RSUP Dr. Hasan Sadikin Bandung adalah rumah sakit rujukan Jawa Barat yang memiliki sumber daya, sarana dan prasarana yang memadai dan terus menerus dikembangkan sebagai rumah sakit pendidikan. Rumah sakit ini memiliki berbagai instalasi salah satunya adalah instalasi rawat jantung. Berdasarkan laporan registrasi di ruang angiografi bulan Januari sampai Desember 2011, jumlah pasien yang dilakukan prosedur PCI berjumlah 423 orang. Hasil studi pendahuluan di ruangan Unit Perawatan Intensif Jantung (CICU) dan Ruang Angiografi RSUP Dr. Hasan Sadikin Bandung, setelah dilakukan wawancara terhadap beberapa pasien yang akan menjalani PCI, didapatkan data bahwa pasien mengatakan mengalami kecemasan terhadap proses tindakan dan kesembuhan terhadap penyakitnya dan mengatakan kurangnya informasi terkait dengan prosedur yang akan dilakukan. Wawancara dengan kepala ruangan intensif jantung, data yang didapatkan bahwa perawat melakukan program health education belum optimal kepada pasien yang akan menjalani PCI. Perawat hanya menjelaskan secara singkat terkait dengan tindakan yang akan dilakukan, dan perawat tidak mempunyai jadwal yang khusus untuk melakukan intervensi tersebut. Pasien yang akan menjalani PCI memiliki tingkat kecemasan yang berbeda dengan tindakan prosedur pada pasien yang lain. Tingkat kecemasan pada pasien ini akan lebih tinggi karena ancaman kematian yang tinggi. Salah satu peran perawat sebagai pemberi informasi kepada pasien terkait dengan tindakan yang akan dilakukan untuk mengurangi kecemasan pada pasien adalah dengan memberikan health education. Berdasarkan latar belakang diatas peneliti tertarik

10

untuk melakukan penelitian Pengaruh health education terhadap tingkat kecemasan pada pasien yang akan menjalani Percutaneous Coronary Intervention (PCI) di RSUP Dr. Hasan Sadikin Bandung.

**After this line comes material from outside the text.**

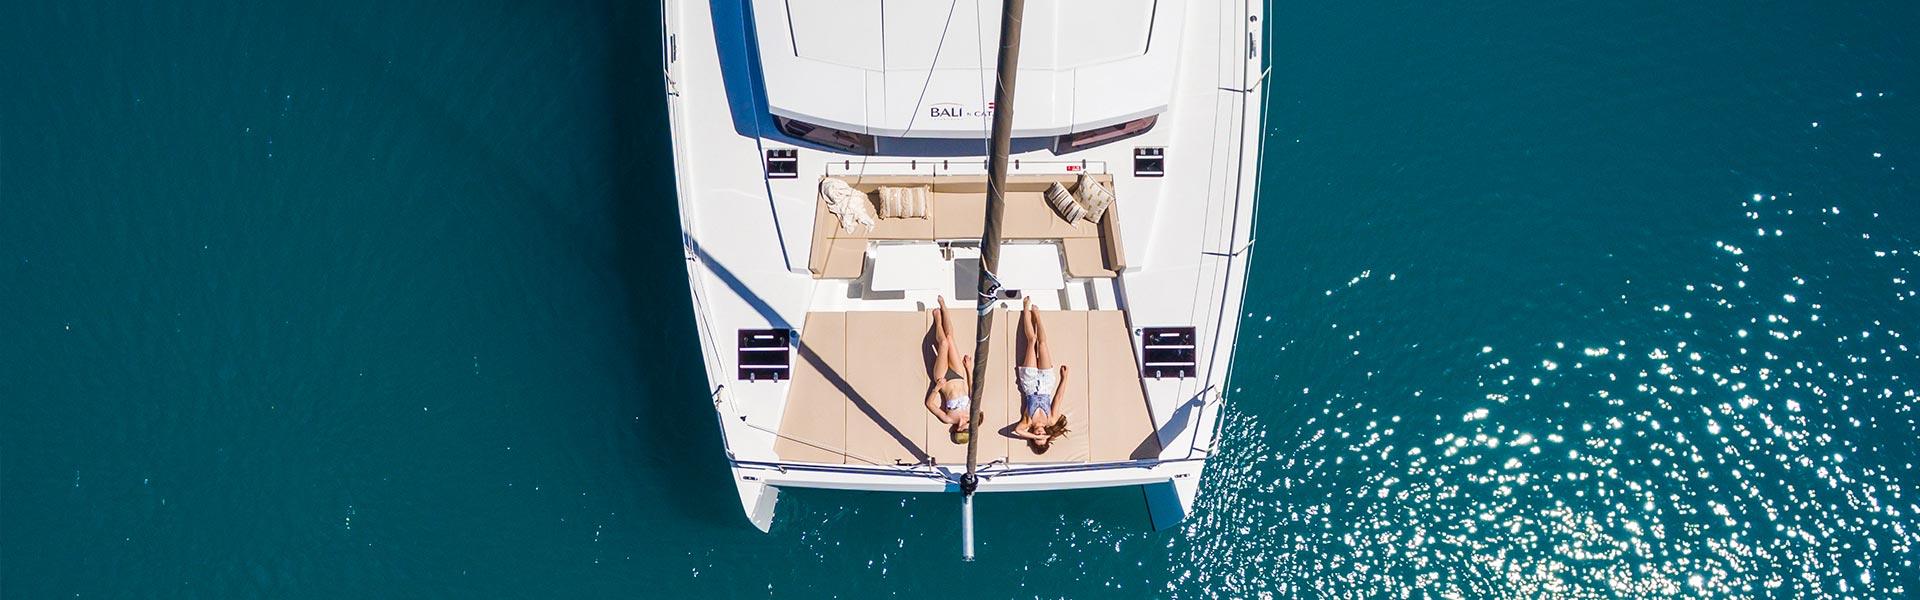 Whitsunday Holiday Yachting
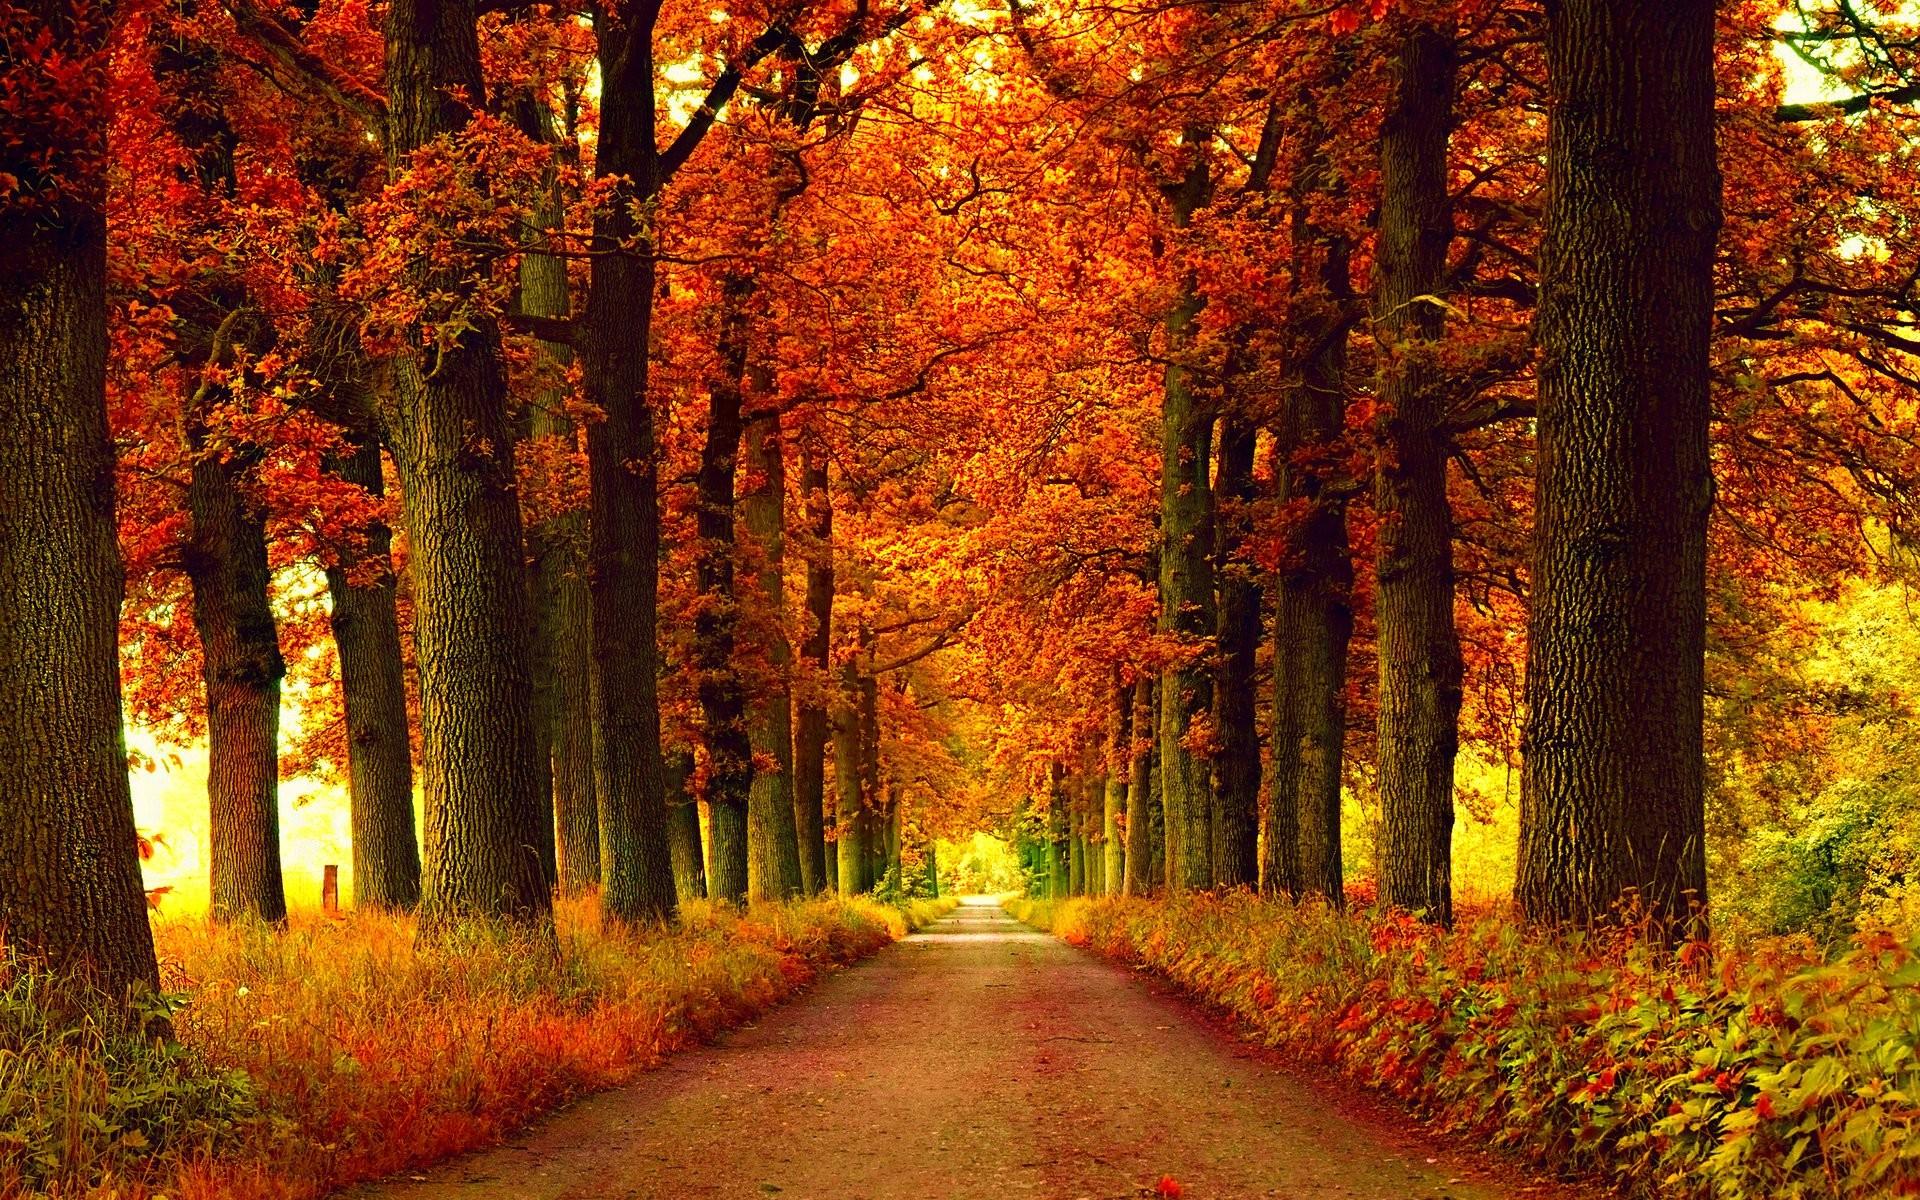 autumn season - photo #24

1.2 Rumusan Masalah Berdasarkan latar belakang di atas yang menjadi rumusan masalah dalam penelitian ini adalah apakah terdapat pengaruh health education terhadap tingkat kecemasan pada pasien yang akan menjalani Percutaneous Coronary Intervention (PCI) di RSUP Dr. Hasan Sadikin Bandung?

1.3 Tujuan Penelitian 1.3.1 Tujuan umum Mengetahui pengaruh health education terhadap tingkat kecemasan pada pasien yang akan menjalani Percutaneous Coronary Intervention (PCI) di RSUP Dr. Hasan Sadikin Bandung. 1.3.2 Tujuan khusus 1) Mengidentifikasi pengaruh health education terhadap tingkat

kecemasan pada pasien yang akan menjalani PCI. 2) Mengidentifikasi perbedaan tingkat kecemasan pada pasien yang akan menjalani PCI sebelum mendapatkan health education. 3) Mengidentifikasi perbedaan tingkat kecemasan pada pasien yang akan menjalani PCI sesudah mendapatkan health education.

11

1.4 Manfaat Penelitian 1.4.1 Aspek teoritis

Penelitian ini dapat menambah khazanah keilmuan tentang pentingnya health education dalam menurunkan tingkat kecemasan pada pasien yang akan menjalani PCI. 1.4.2 Aspek praktis

Penelitian ini dapat memberikan masukan bagi perawat dalam penyusunan rencana keperawatan terutama dalam tindakan mandiri perawat untuk

memberikan health education pada pasien yang akan menjalani PCI.